When they tested it on ferrets, it passed through the air from one animal to another.
当他们在雪貂身上进行测试后,病毒经过空气从一只传到另一只。

Moreover, closer inspection showed that two other mutations, N158D and T318I, had spontaneously got tangled up in the mix.
此外,进一步检测显示,另外两种变种,即N158D和T318I,同时也紧紧纠缠于病毒中。

What all this means, then, is slightly obscure.
实验的结果看起来有点晦涩。

Dr Kawaoka's purpose was to study how the mammalian-transmission mutations worked.
河冈博士的目的是研究哺乳动物间传播的变种如何起作用。

In this, he succeeded.
在这一点上他成功了。

He found that N224K, Q226L and N158D all control areas in the head of the HA protein—ie, the hook—and probably help it attach to the mammalian flavour of sialic acid.
他发现了N224K、Q226L和N158D位于HA蛋白头部的控制区,它们有可能帮助HA偏好于哺乳动物的唾液酸。

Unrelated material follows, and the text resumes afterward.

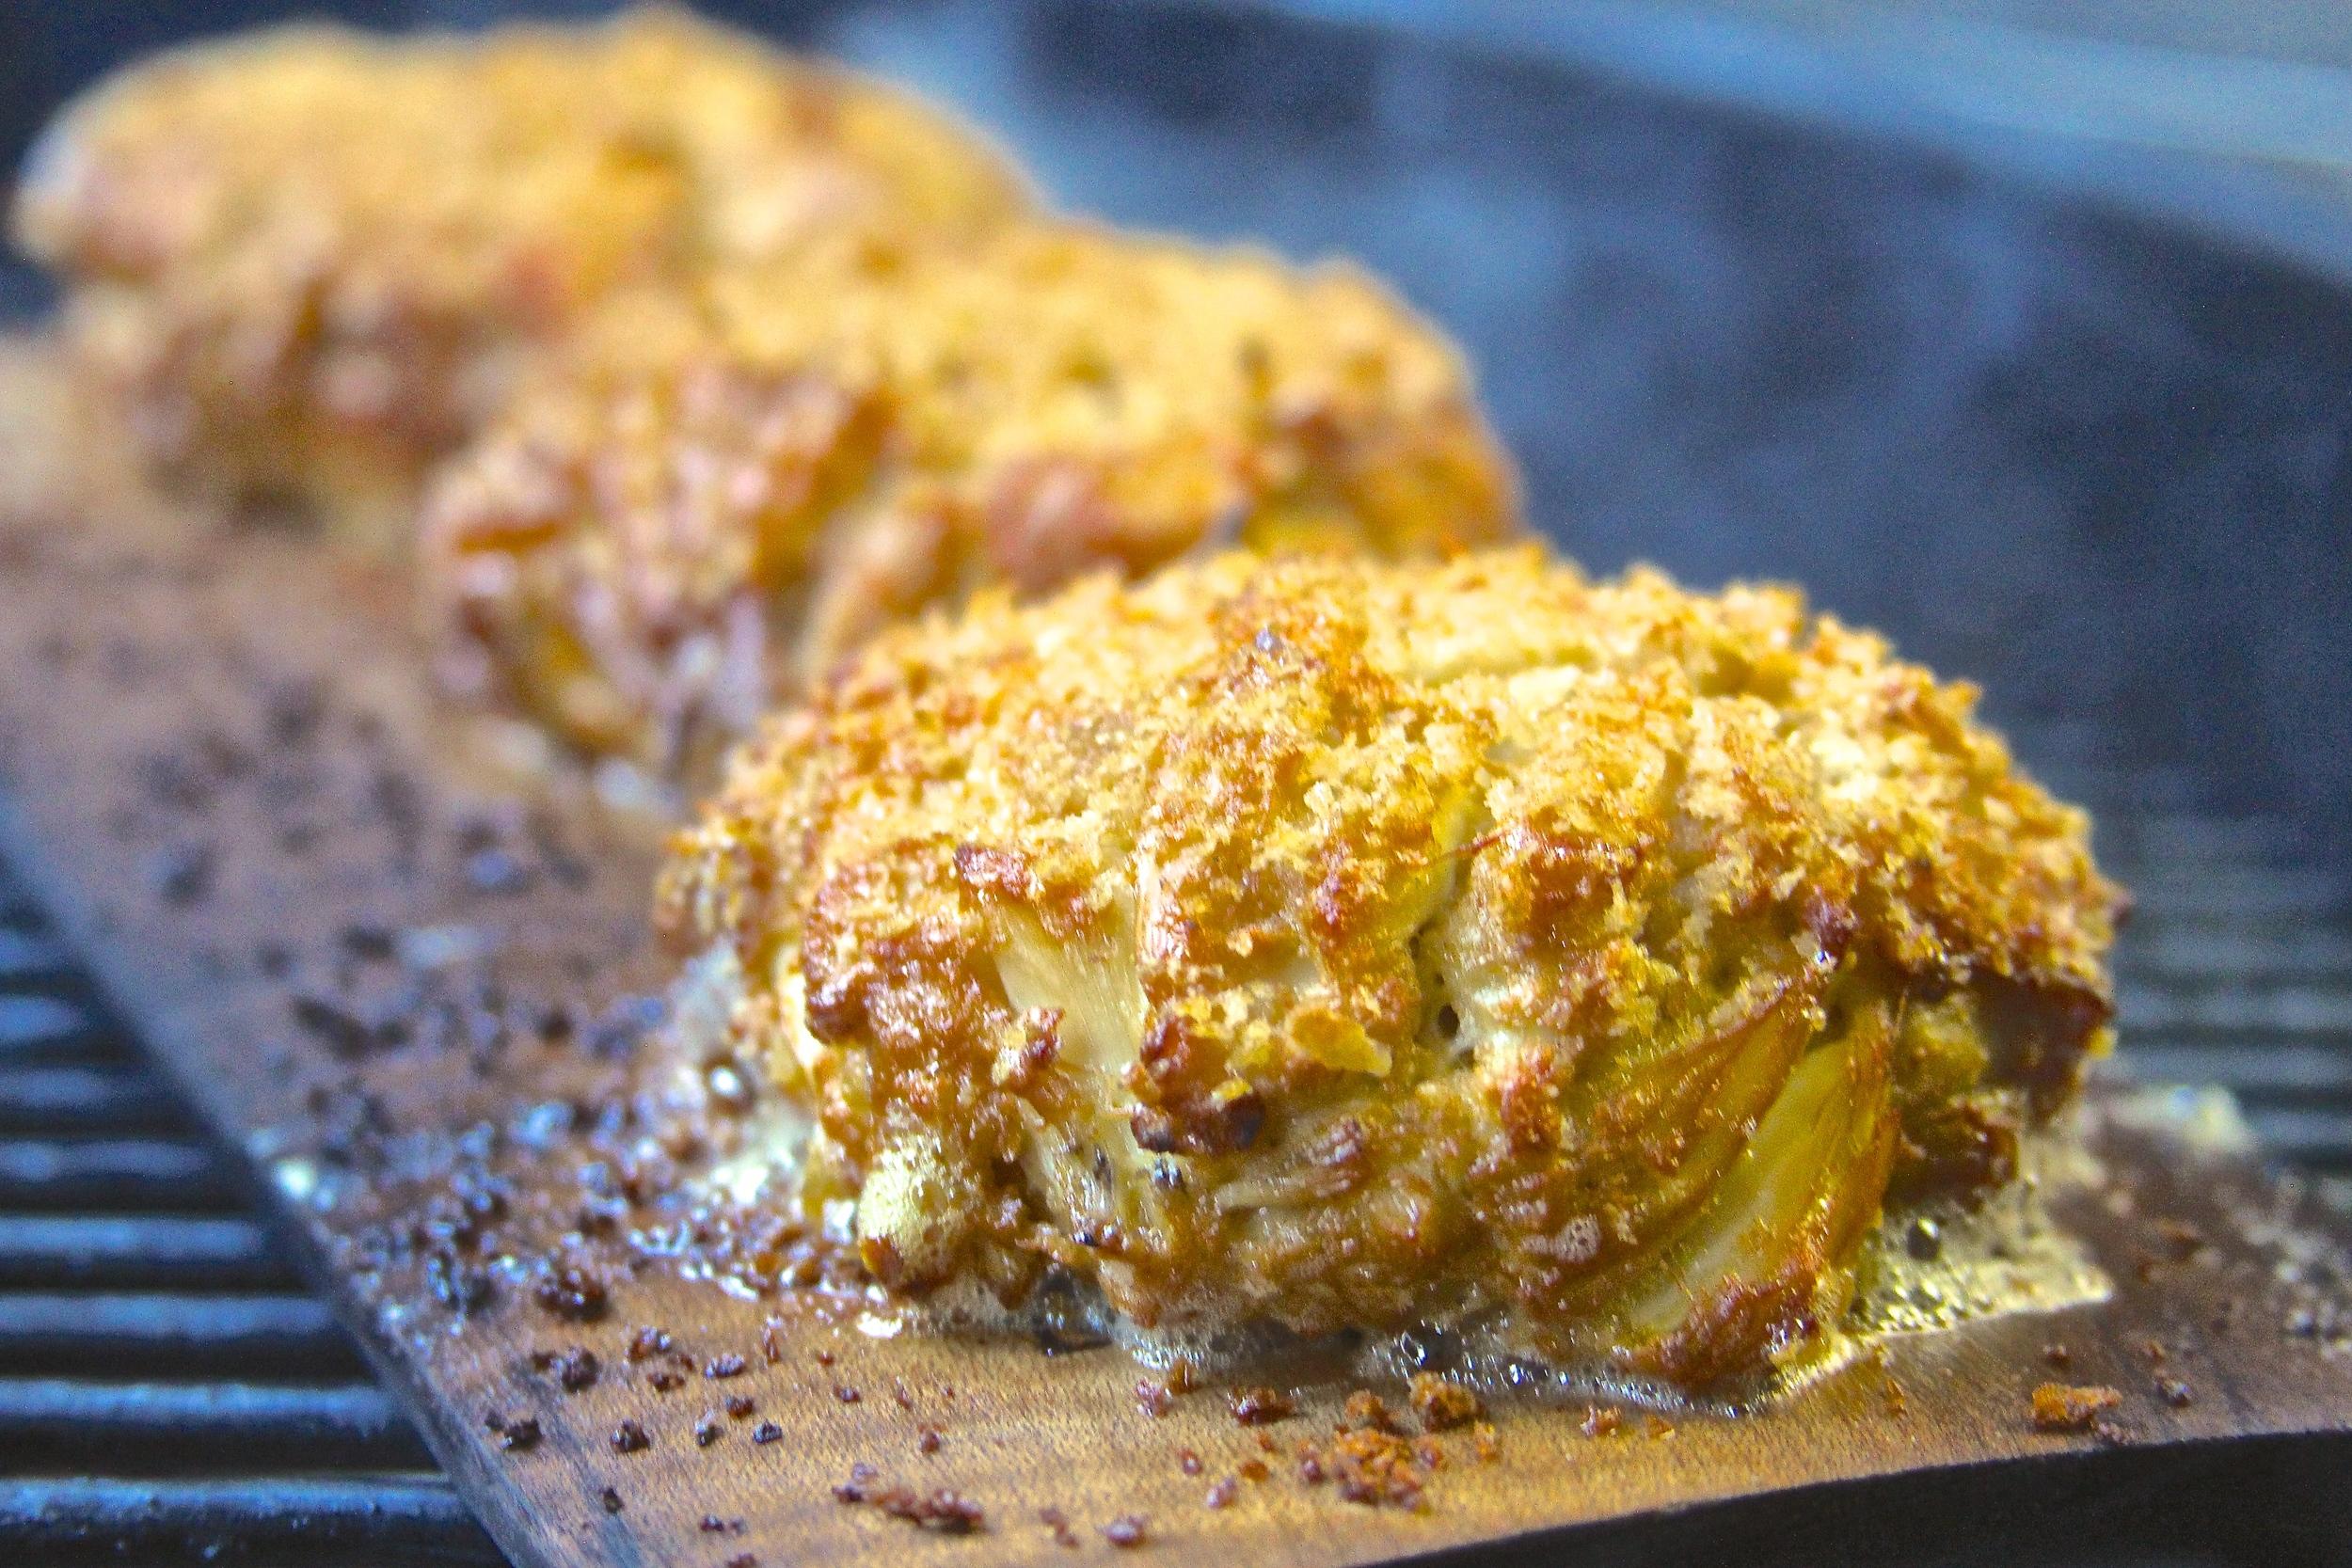 Plank Grilled Crab Cakes with Lemon-Garlic Aioli

T318I controls part of HA's stem and may help to stabilise the protein as it injects viral DNA into cells.
T318I控制HA的根部,使得HA能在病毒向细胞中注入DNA时保持稳定。

By transferring the genes into a virus that was known to be good at moving between mammals,
通过将这些基因转录入病毒,使其易于在哺乳动物间传播。

Dr Kawaoka has shown that the HA gene is not itself an obstacle to bird flu gaining that ability, though its other genes may be.
这样,河冈博士证实了HA基因本身并不是禽流感病毒获得这种能力的障碍,尽管其他基因或许是。

Perhaps Dr Fouchier's paper will shed more light on the matter.
或许富希恩博士的论文将会为此提供线索。